Mary and I took our time wandering through this sloping shaded peaceful place. There are headstones I know to be famous, like this one:
This is Angel of Grief, the last major work of sculptor William Wetmore Story for the grave of his wife Emelyn. He died the year after she did. His title for the piece was The Angel of Grief Weeping Over the Dismantled Altar of Life. I can’t imagine a single word to add to the topic of mourning after that.
Other statuary commemorates the deceased individual:
As you might imagine, this is a cemetery in which you could spend days reading headstones and never get through them all. It’s so peaceful that it’s easy to forget that you’re a stone’s throw from a very raucous set of intersections. Frantic rush of life right alongside several centuries of permanent silence: Rome in a nutshell.
There are flowers, of course:
And feline residents who appear to find it a very good place to live:
and be well-fed.
One attraction of the Non-Catholic Cemetery is its apparent high proportion of residents who were artists. At least one headstone belongs to an architect and spouse:
Another, in keeping with so much of what we saw in Rome, is adorned with a simple mosaic:
It seemed to me there were many non-natives in this Italian cemetery, people from all over the world who loved Italy and particularly loved Rome. The poet Percy Shelley (who, I’ve been told, made a rather rock-star half of the Shelley-Byron group ((they were prone to ride into town on an elephant and ride out with all the womenfolk))) wrote, “It might make one in love with death, to think that one should be buried in so sweet a place.” This was not long before he drowned in a sailing accident in a storm – quite a romantic tale in itself: The Death of Percy Shelley.

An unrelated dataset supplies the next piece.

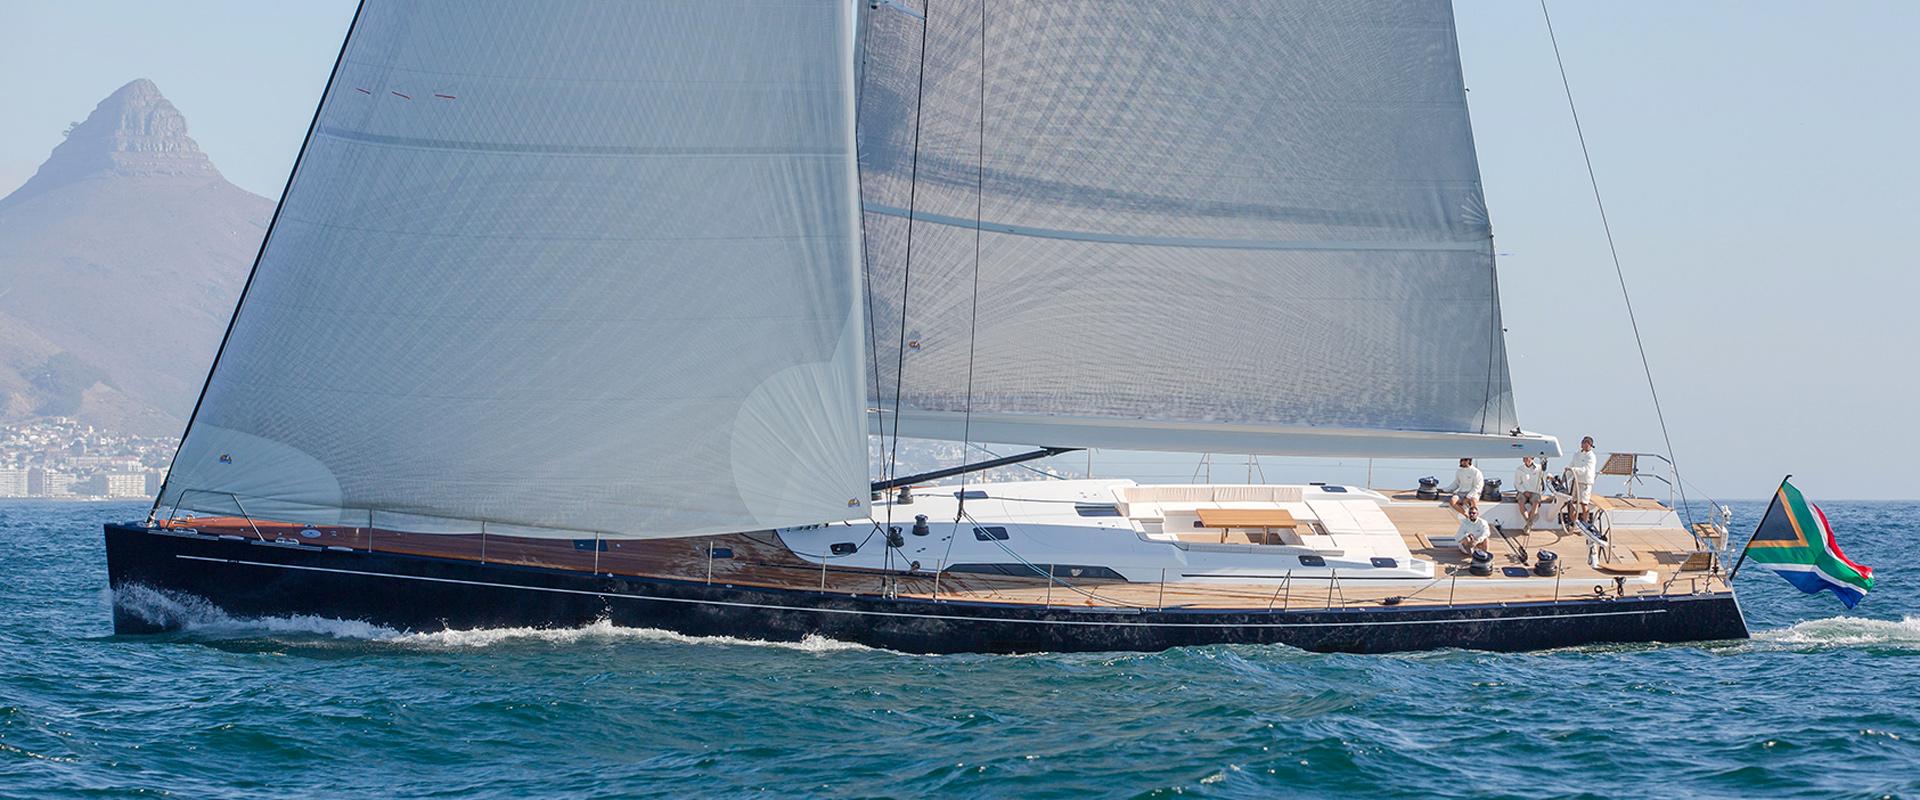 sws94-Sailing-21_1920x800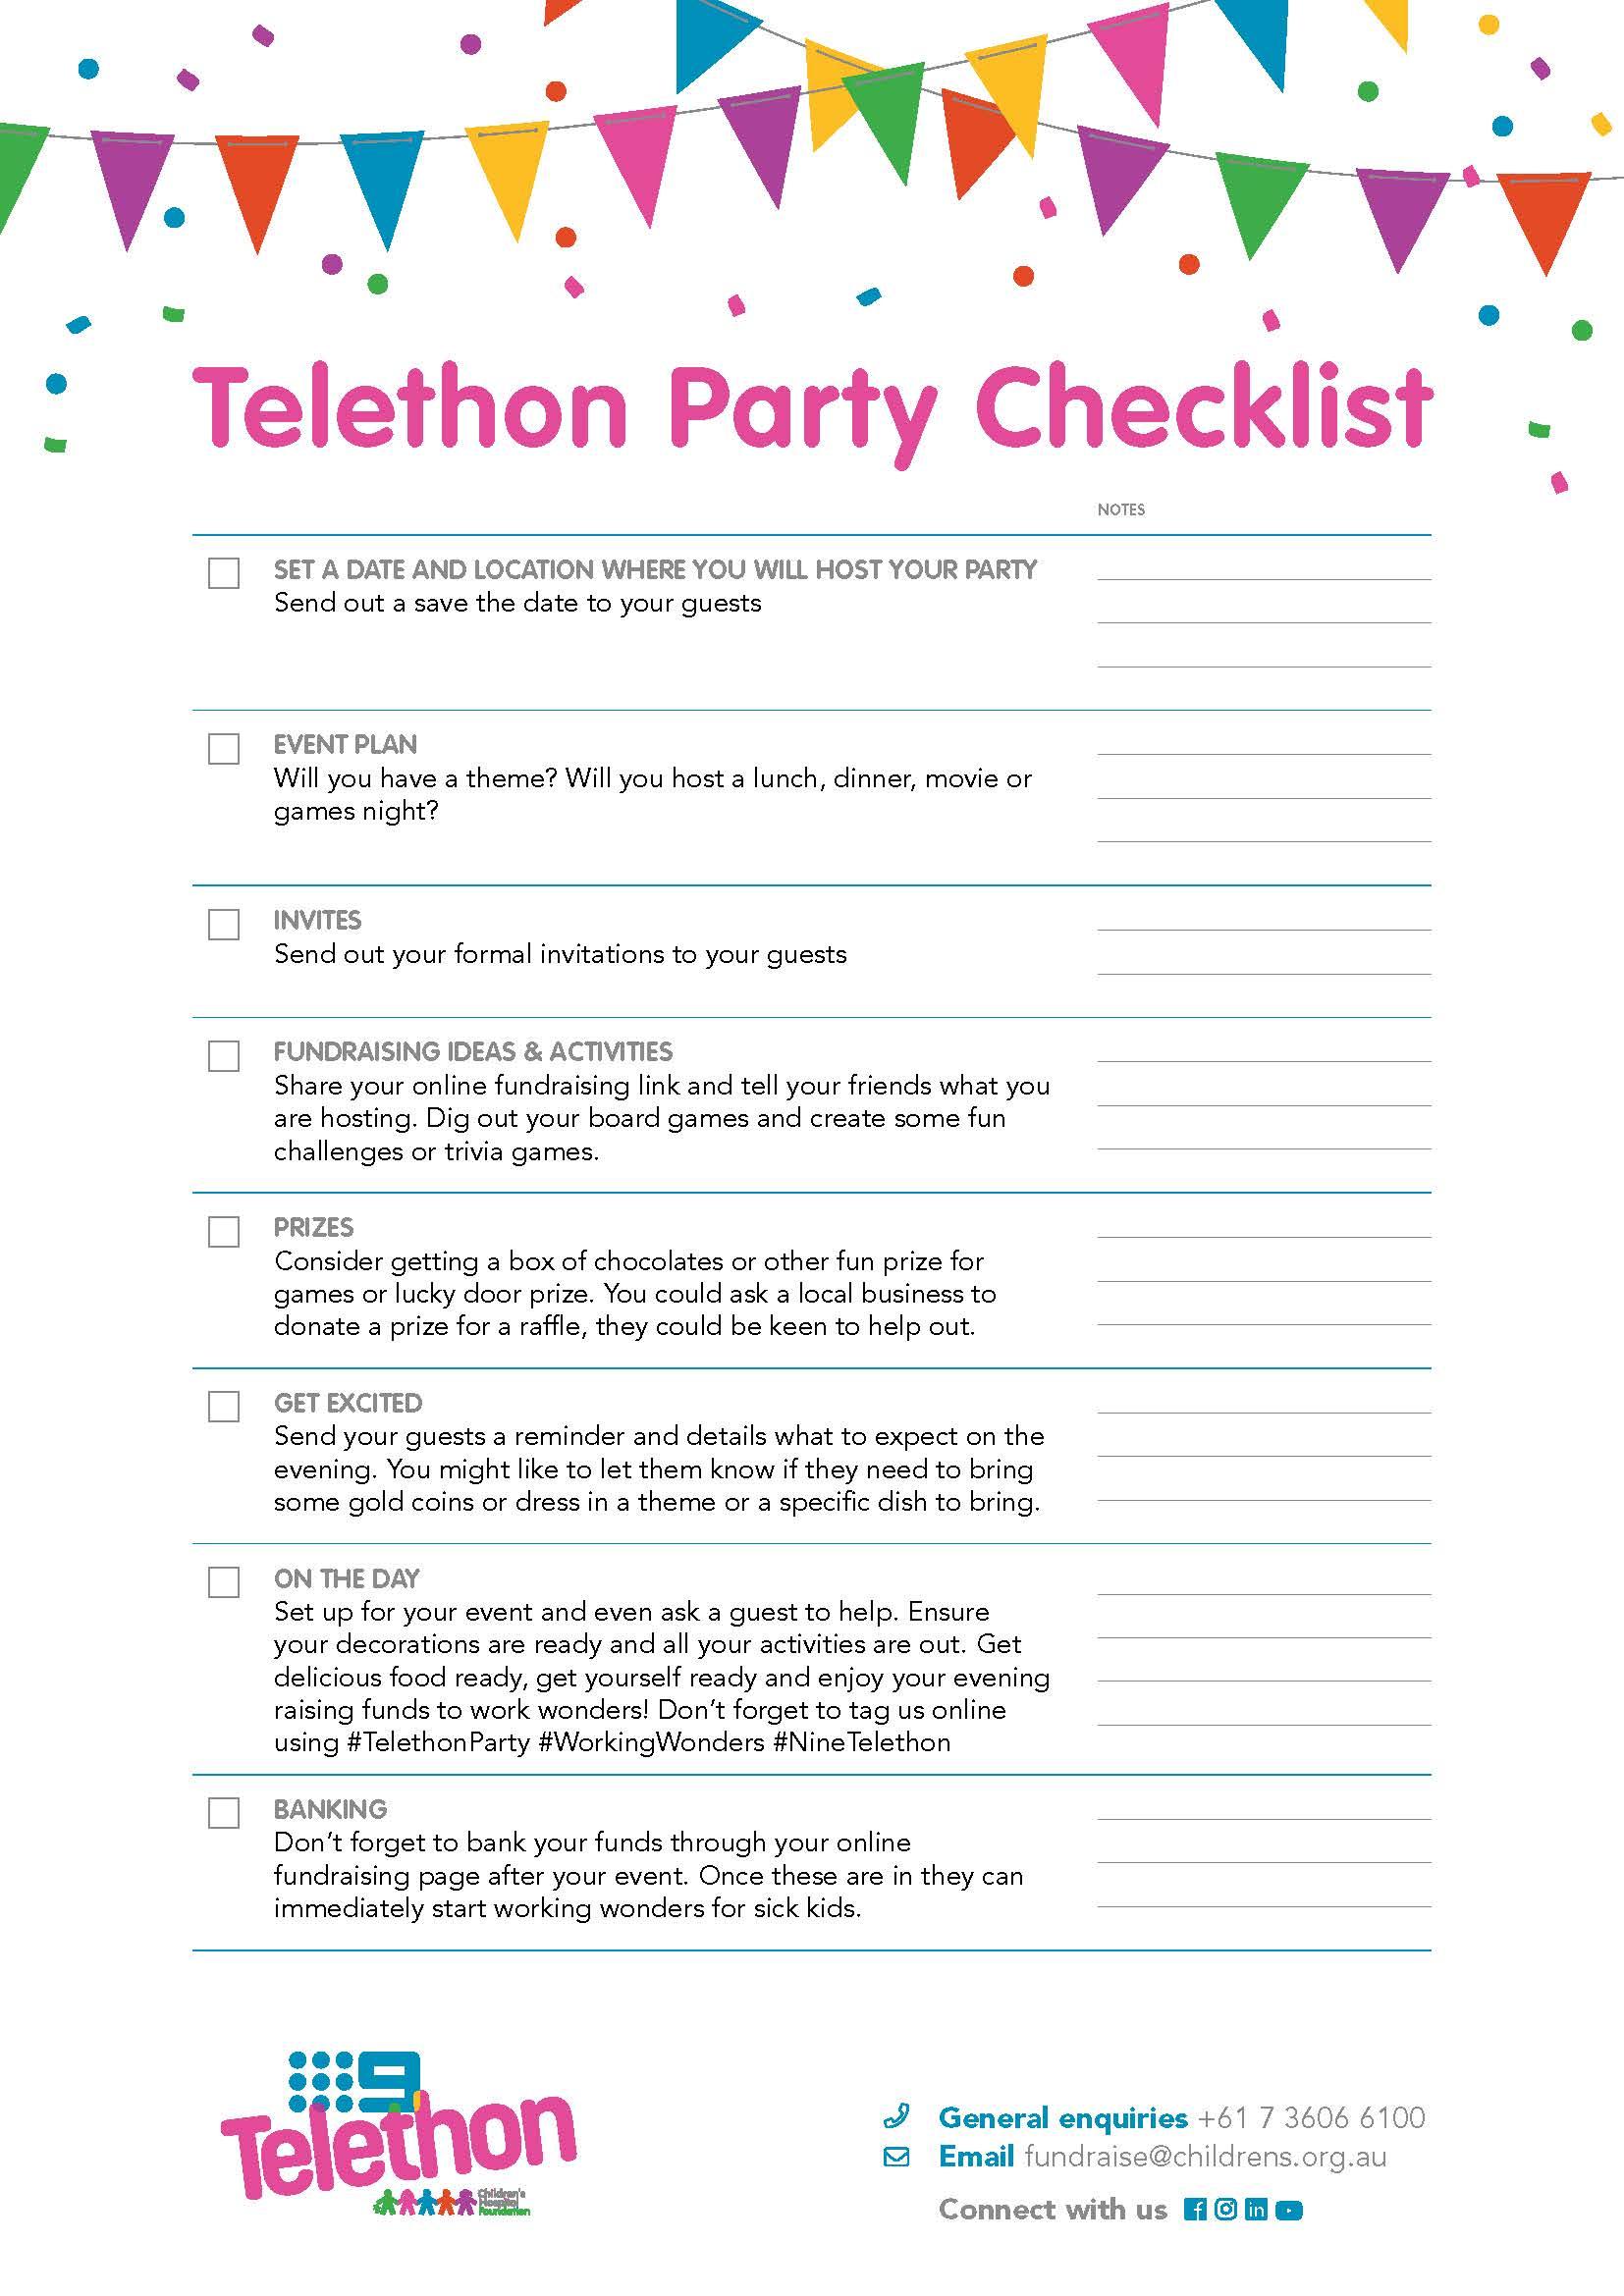 Telethon Party Checklist

And of course he is buried here too, although we ran out of time before we could find his grave.
I found one statue that said as much to me about the grieving survivors as any monument in the entire cemetery, without a single word or carved epitaph:
I harbor zero romantic notions about what happens to us after death; I am missing the only piece of data that can clarify that picture. I have ridiculously romantic notions of life, however; and art is the key that unlocks so many of them for me.
I can only begin and end with Keats who, by the time of this poem’s writing, must have begun to sense that his days of quiet breathing would end as his mother’s had when he was just fourteen.
A thing of beauty is a joy for ever:
Its loveliness increases; it will never
Pass into nothingness; but still will keep
A bower quiet for us, and a sleep
Full of sweet dreams, and health, and quiet breathing.
From Endymion: A Poetic Romance
(As a postscript I can’t help but think of the commitment Bill and Melinda Gates have shown in their funding of tuberculosis research. I went to school with kids who’d suffered illnesses like TB and polio, and believe that if there are saints they walk among us trying to make this world a safer place in which more children might reach adulthood. How privileged we are to take our long life-spans for granted!)